Copy and pasting a code chunk you already have (but be careful of duplicated chunk names!)

Task 2

Load the tidyverse package and read in the data in the setup code chunk.

The dataset can be found (or read directly from) https://and.netlify.app/datasets/gensex_2022_messy.csv

### load tidyverse if working on your own computer
library(tidyverse)

### on university computers, load
library(dplyr)
library(readr)

### read in data
gensex <- readr::read_csv("https://and.netlify.app/datasets/gensex_2022_messy.csv")

Task 3

Review the Codebook at the link below, which has all the information you need about this dataset.

View the Codebook

Analysis

You will need the output from all of the following tasks in order to complete the worksheet quiz.

Visualisation

Task 4

Recreate the plot below by following the subtasks.

Feel free to use any colours you like but in case you prefer our trademark Analysing Data colour scheme, the hex codes are #52006f for the purple and #009fa7 for the teal.

Figure 1: Linear relationship bwteen frequency and strength of romantic feelings.

Task 4.1

Make a basic scatterplot of the romantic_freq (x axis) and romantic_strength (y axis) variables. Set the colour and size of the points to something that looks nice to you

Scatterplots (or scattergrams) are composed of points.

The plot should look something like this:

gensex %>%
  ggplot(aes(romantic_freq, romantic_strength)) +
  geom_point(
    size = 3,
    colour = "#52006f"
  )

Let’s do something about the overplotting.

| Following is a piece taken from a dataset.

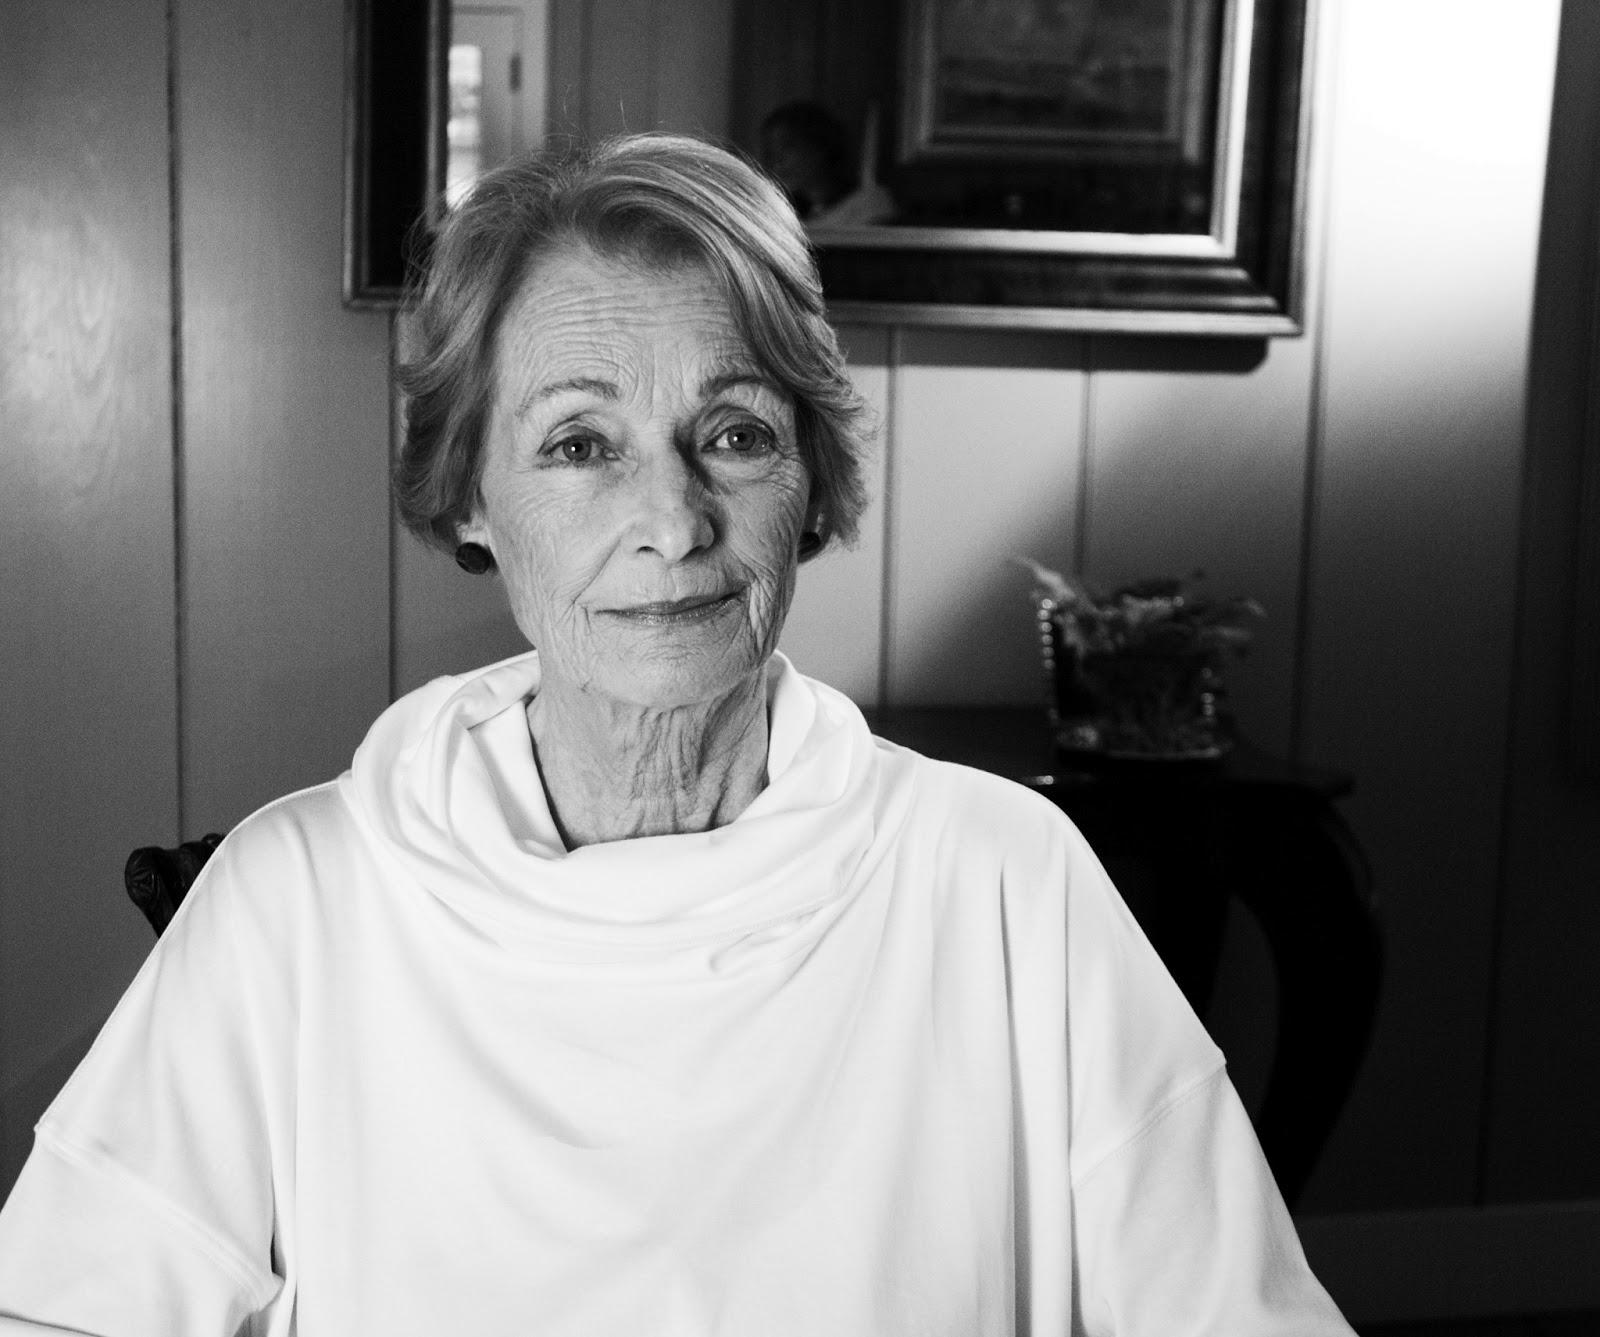 Forum on this topic: Marguerite Allan, oona-hart/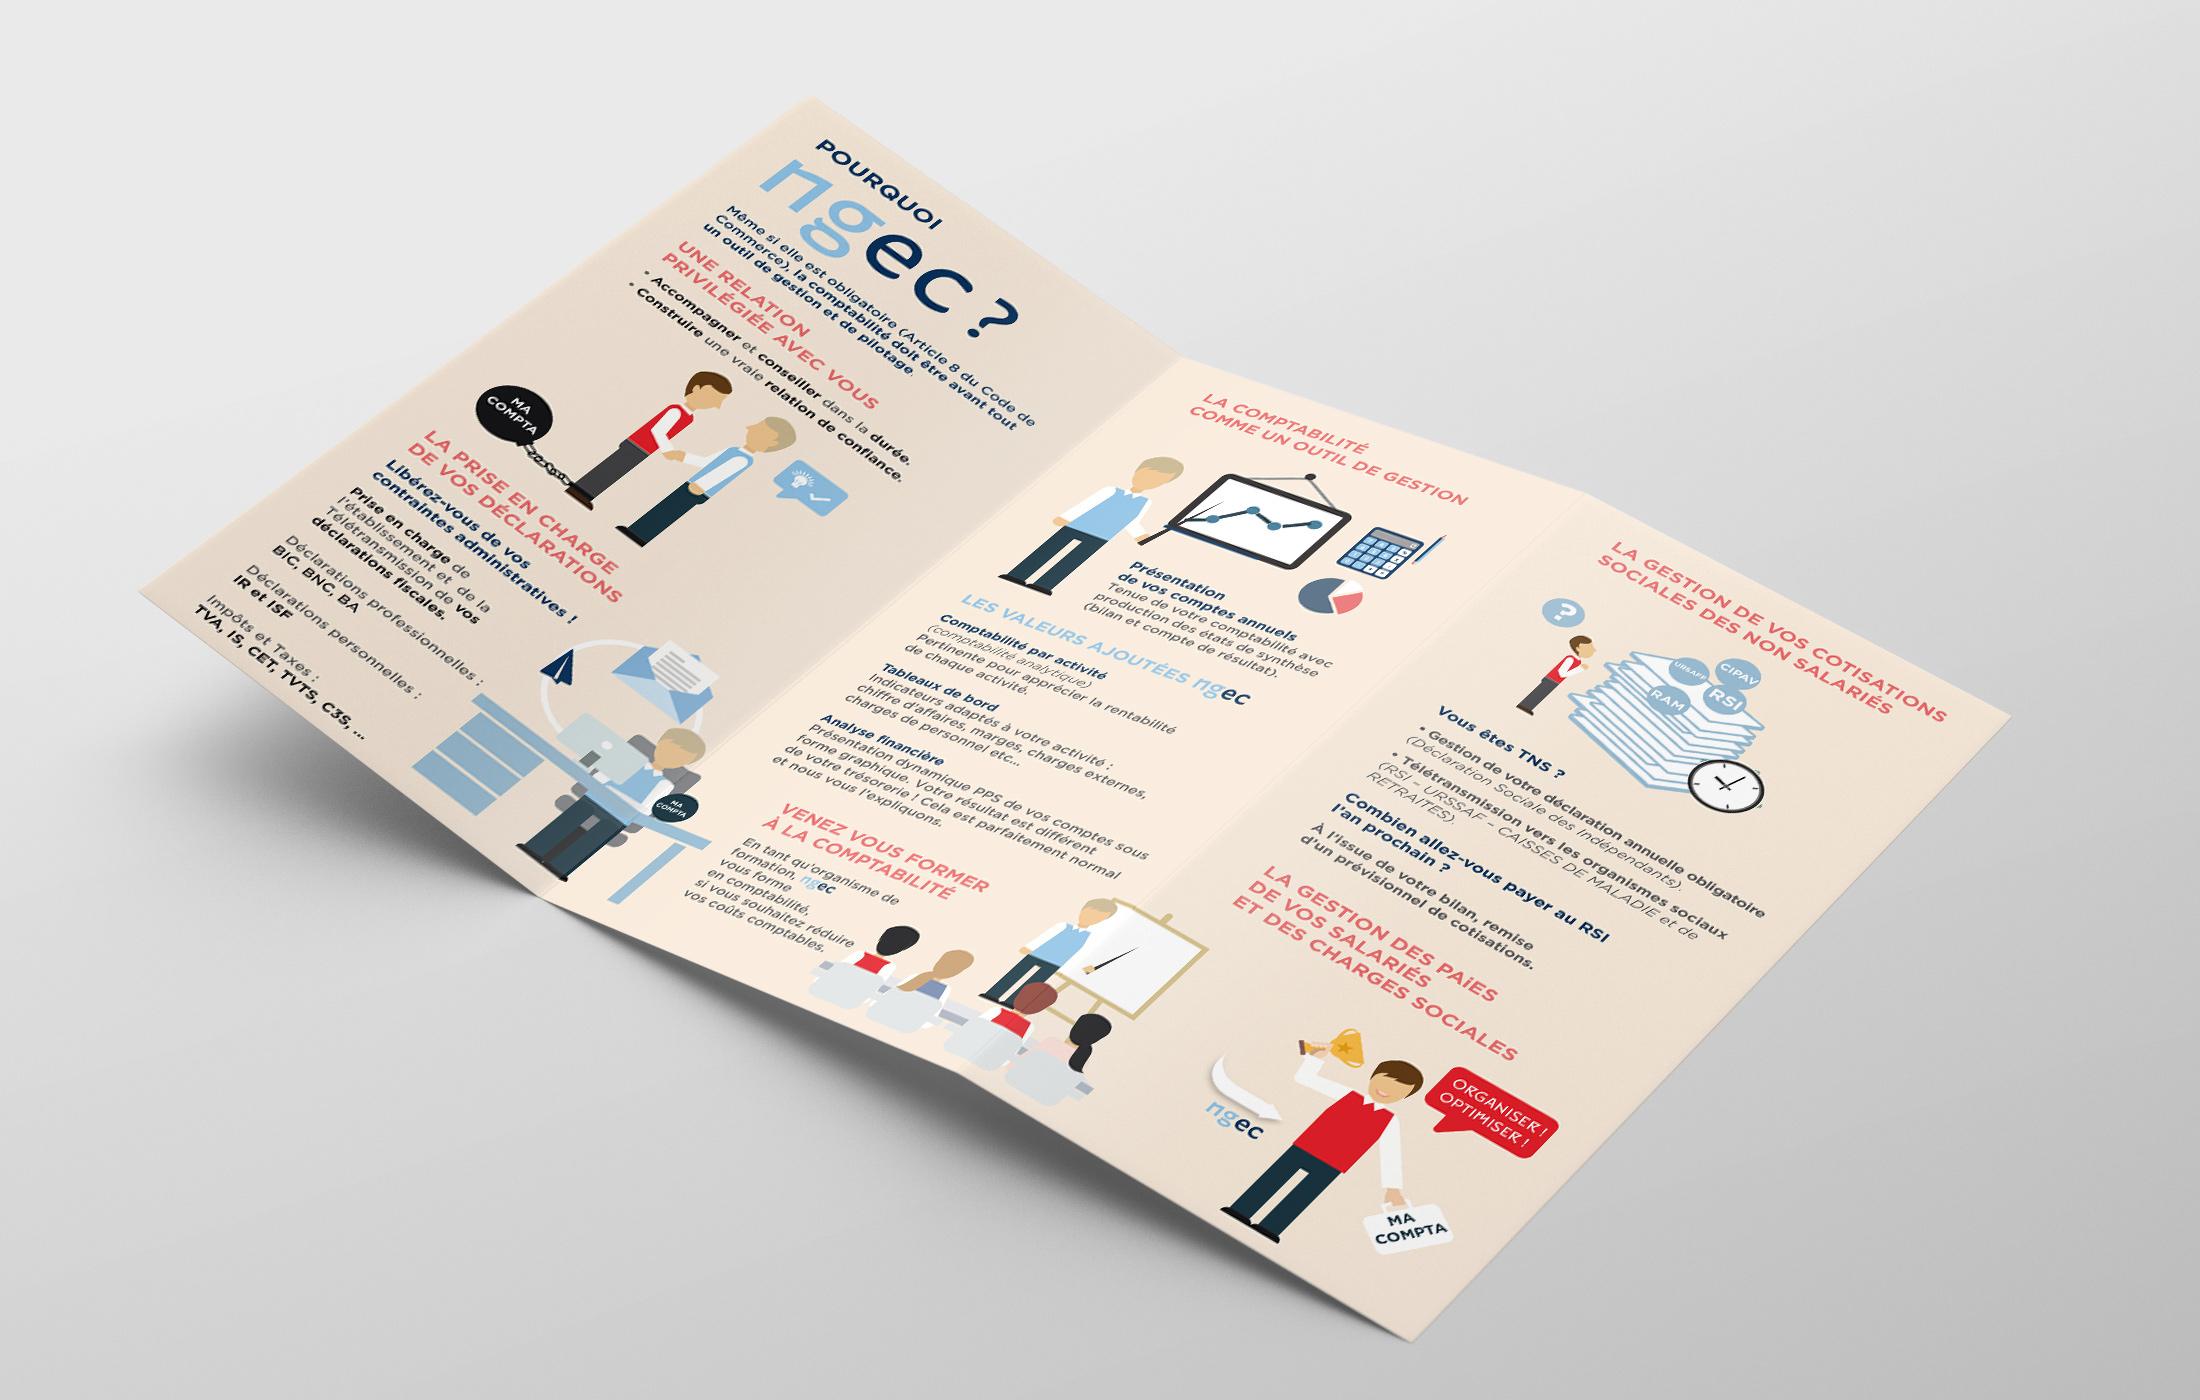 NGEC-brochure-studio-abracadabra

The term overplotting refers to the situation where there’s too many plotting elements on too little space. Because of the values our two variables take (1-9), there are only 81 (9 × 9) possible places for any given point. Given our sample size, this necessarily means that many of the points are just drawn on top of one another.

One way around this problem is randomly nudging each point horizontally and vertically by a small amount. We can do that using the position = argument that can be given to geom_point(), passing the position_jitter() function to this argument.

Task 4.2

Apply position_jitter() to the scatter.

The function works even if you don’t give it any argument. You can, however, control its behaviour - how much the points get nudged along the horizontal/vertical dimension.

gensex %>%
  ggplot(aes(romantic_freq, romantic_strength)) +
  geom_point(
    size = 3,
    colour = "#52006f",
    position = position_jitter(
      width = 0.2,
      height = 0.2,
      # setting a random seed to a number guarantees that
      # the points get jittered the same way every time
      seed = 1234))

Task 4.3

Another way of mitigating overplotting is using transparency. Make the points semi-transparent. If you don’t know how, look it up online.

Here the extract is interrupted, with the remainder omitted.